Les Secteurs d'améliorations rurales d'Algérie

Une population sans cesse croissante

Sans doute, quand le Gouverneur général Chataigneau lança le 18 avril  1946 les Secteurs d'améliorations rurales (il entreprit là une de ces tâches qui suffisent à l'honneur d'un homme) ne voyait-il pas aussi loin. Son objectif était simplement d'apporter un remède au problème démographico-économique de l'Algérie. Nous avons apporté à ce pays la paix intérieure et l'hygiène. Il en est résulté un accroissement  quasi géométrique de la population autochtone. Les chiffres suivants sont éloquents.

1830

1 500 000 habitants

1926

5 115 000 habitants

1931

5 588 000 habitants

1936

6 247 000 habitants

1949

8 000 000 habitants

Ce mouvement n'est pas arrêté. Si aucune catastrophe n'intervient, ce qu'à Dieu ne plaise, la population autochtone algérienne aura encore doublé en 1960.

Cette population possède la plus grande partie des terres cultivables d'Algérie : 9 200 000 hectares sur 11 600 000. Malheureusement comme nous l'avons dit, elle les cultive dans l'ensemble fort mal (la Kabylie est absolument une exception ; cet immense verger de Kabylie évocateur de l'Hellade). Nous serions tenté de dire que les autochtones cultivent mal avec obstination. Nous nous rappellerons toujours ces Fellahs du bassin versant de l'Oued Fodda se refusant à labourer selon les courbes de niveau et suivant au contraire la plus grande pente. Dans ce paysage érodé, presque lunaire, où la roche perçait sans cesse la maigre terre, c'était douloureux de voir l'homme contribuer à la dégradation du sol. Nous évoquions certains de ces paysans noirs ou asiatiques si industrieux à édifier des terrasses, à retenir le sol. Est-ce la religion, la race, l'une et l'autre de pasteurs migrants, plus que de cultivateurs ? Le Fellah n'a pas le sens de la terre. Nomade mal fixé, elle n'est pour lui qu'un lieu transitoire. Cet homme qui voulait labourer dans le sens de la plus grande pente, ne nous demandait-il pas, à nous qui prétendions lui apprendre à mieux cultiver, qu'on l'exproprie ? Il n'avait pas cet enracinement au sol qui fait le vrai paysan.
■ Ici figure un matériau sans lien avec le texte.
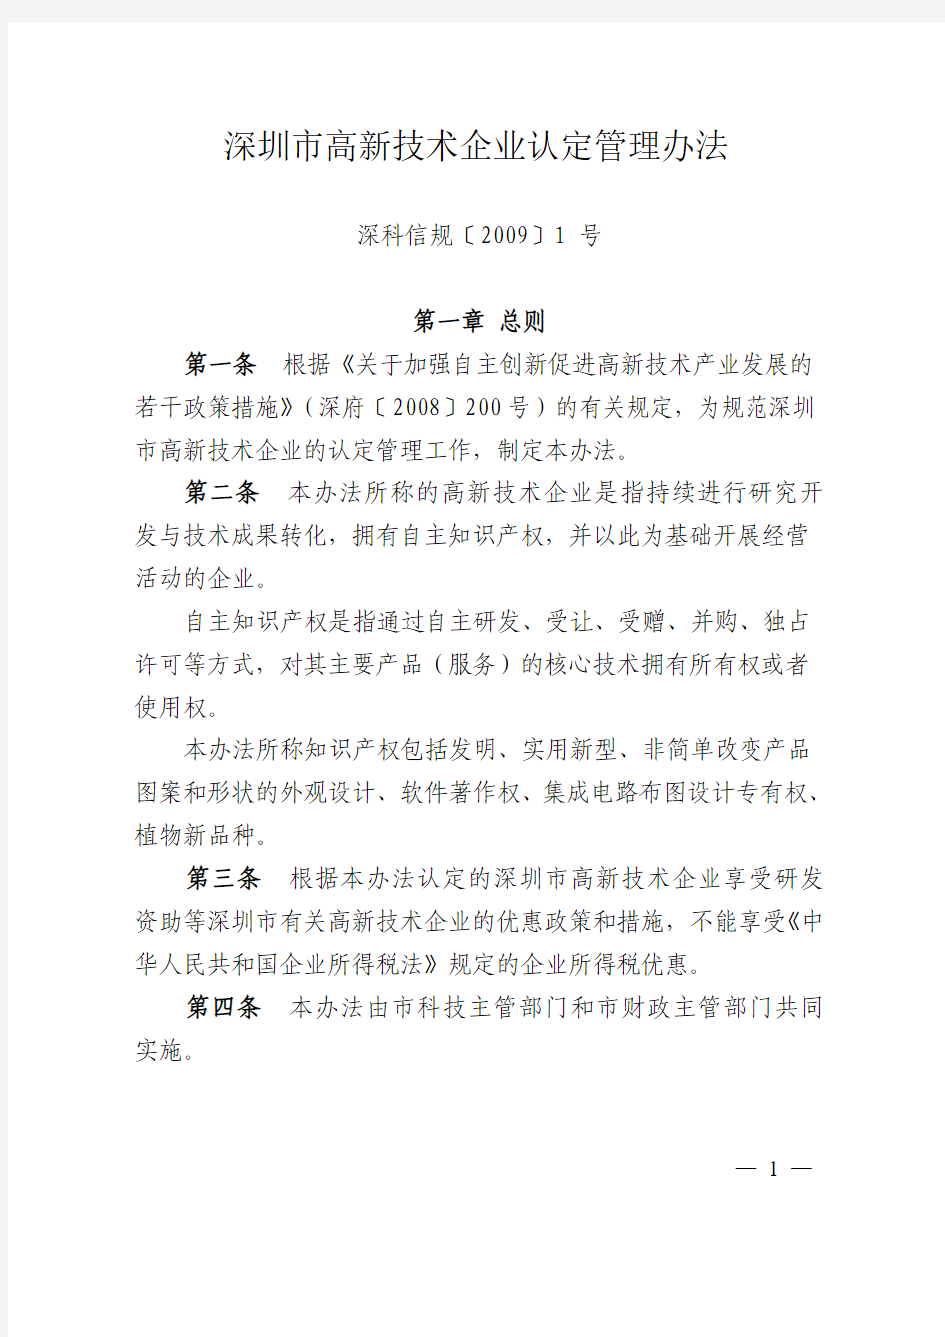 《深圳市高新技术企业认定管理办法》(深科信规〔2009〕1 号)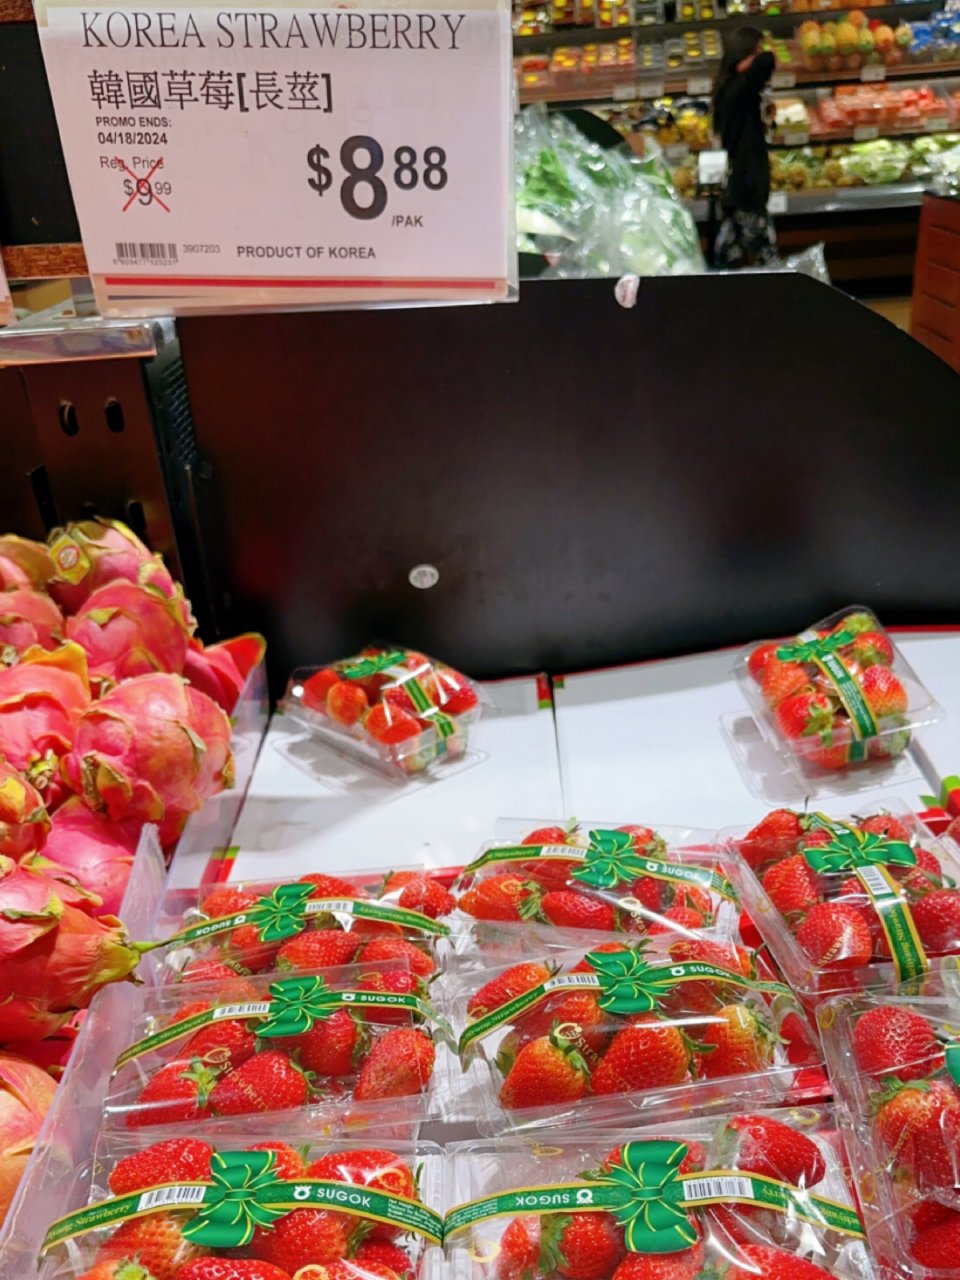 包装很好看的韩国草莓🍓...

Ne nous étonnons pas de la faiblesse des rendements. Sans doute les belles années, quand Allah le veut, la terre est généreuse. Mais ces cultures archaïques ne peuvent supporter aucun accroc. Quatre années sur cinq, elles ne donnent à peu près rien. Nous avons vu, dans des coins de steppe, entre Aflou et Laghouat ou encore aux environs de M'Sila des Fellahs s'obstiner à ensemencer en blé des terres qui ne leur procurent pas une récolte tous les dix ans.